As of May 6, the Federal Reserve’s balance sheet had total assets of approximately $6.71 trillion, reserves of more than $3 trillion, and the Treasury Department’s general account of $878 billion.
The TGA absorbs reserves from the banking system and drains liquidity from increasingly risky assets. The Treasury Board’s Borrowing Advisory Committee projected that the TGA would end the third and fourth quarters of fiscal 2026 at $900 billion and $950 billion, respectively.
The committee noted that oil prices have risen nearly 80% since the beginning of 2026, a source of supply-side inflation that continues to tie the Fed’s hands regardless of stock performance.
Bitcoin’s valuation lies between Fed liquidity and real interest rates. AI Bridging Megacap technology to separate revenue sustainability, capital return programs, and revenue visibility.
Result of split
As the inflation shock subsides, the likelihood of a Fed rate hike diminishes and the dollar weakens.
In such an environment, ETF inflows could resume on a large scale after a temporary reversal, and short covering could compress funding rates from negative to neutral, with the $80,000 to $85,000 range becoming a floor rather than a ceiling.
Citi’s BTC bullish scenario targets $165,000 over 12 months, conditional on easing liquidity, sustained ETF demand, and progress in crypto-specific legislation.
High beta trading is again at work in this scenario, driven by easing liquidity and demand for ETFs rather than index-level price movements.
| scenario | macro trigger | BTC trigger | Probably the influence of BTC |
|---|---|---|---|
| bull case | Inflation shocks will fade. The probability that the Fed will raise interest rates will decline. dollar weakens | ETF inflows resume. Funding moves towards neutrality. BTC collects $80,000-85,000 | Support will be between $80,000 and $85,000. Citi bull case damages $165,000 over 12 months |
| basic case | Inflation continues persistently but does not get worse | Mixed ETF flows. BTC chop is about $80,000 | Range market price. BTC lags behind megacap technology |
| bear case | PPI feeds into CPI/PCE. Probability of interest rate hike approaches 50% | ETF outflows continue. BTC fails to recover $80,000 | Testing the $74,000 to $68,000 zone |
| reverse macro | Liquidity will become even tighter.
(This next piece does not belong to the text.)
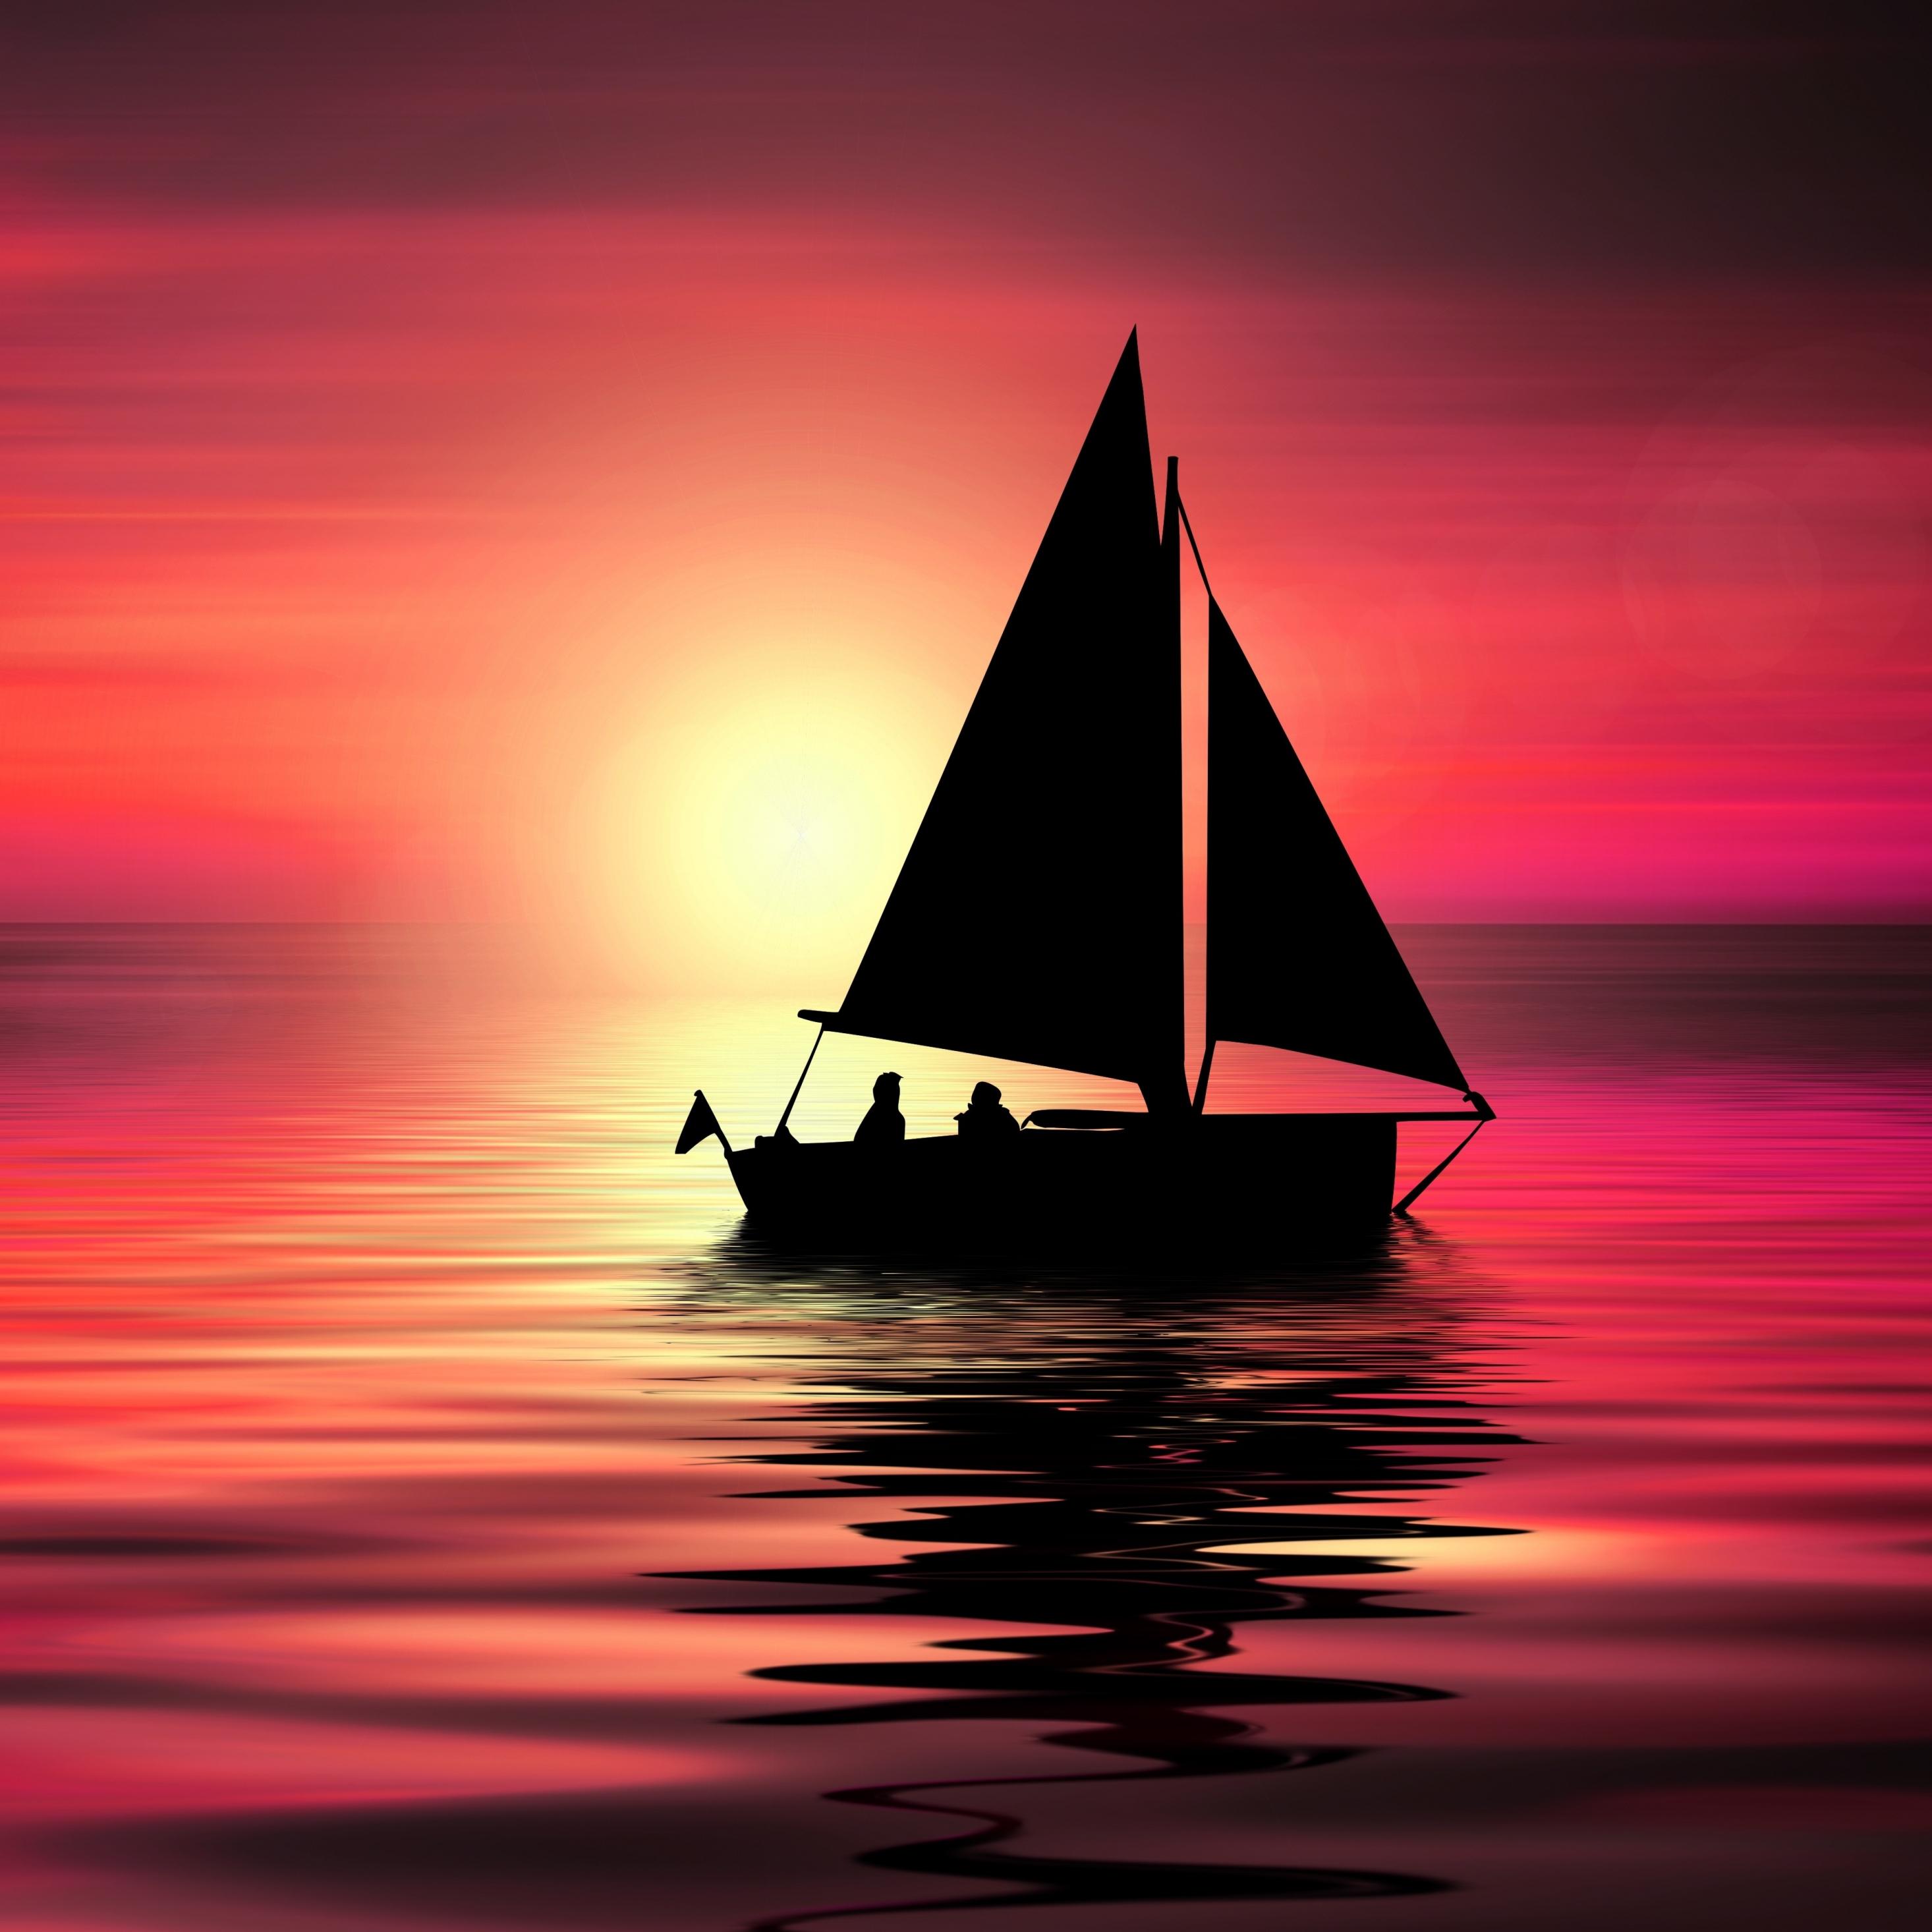 Artwork, sailboat, sunset, silhouette, 2932x2932 wallpaper
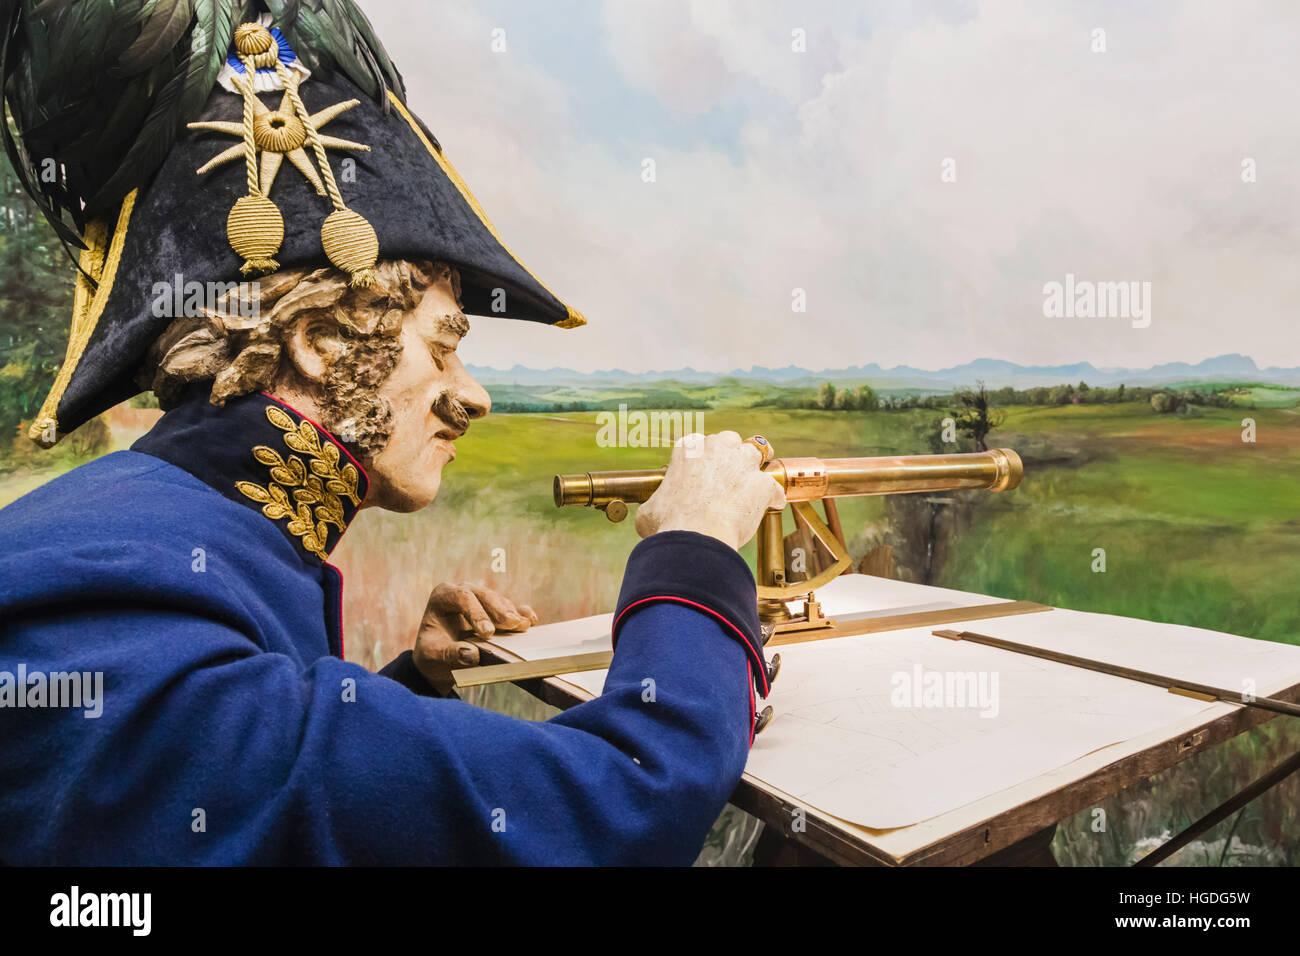 Germany, Bavaria, Munich, Deutsches Museum, Exhibit of 19th century Topographical Survey - Stock Image

Oil shock continues | Deleveraging and stop losses accelerate | Citi’s reverse scenario suggests $58,000 |
If April’s PPI is not relieved and is reflected in May’s CPI and June’s PCE readings, increasing the probability of a price increase towards 50%, the situation for Bitcoin will deteriorate no matter what happens with megacap technology.
Three consecutive days of ETF outflows through May 12 indicate that institutional investors are already reducing exposure at this level.
Failure to recover $80,000 in the next few days will begin the test of the $74,000-$68,000 zone, where derivatives liquidations and retail stop losses are concentrated.
In Citi’s unfavorable macro scenario, Bitcoin is set at $58,000. Along that path, Bitcoin will absorb the macro downside on its own, while megacap technologies continue to bid for sustainability in AI revenue.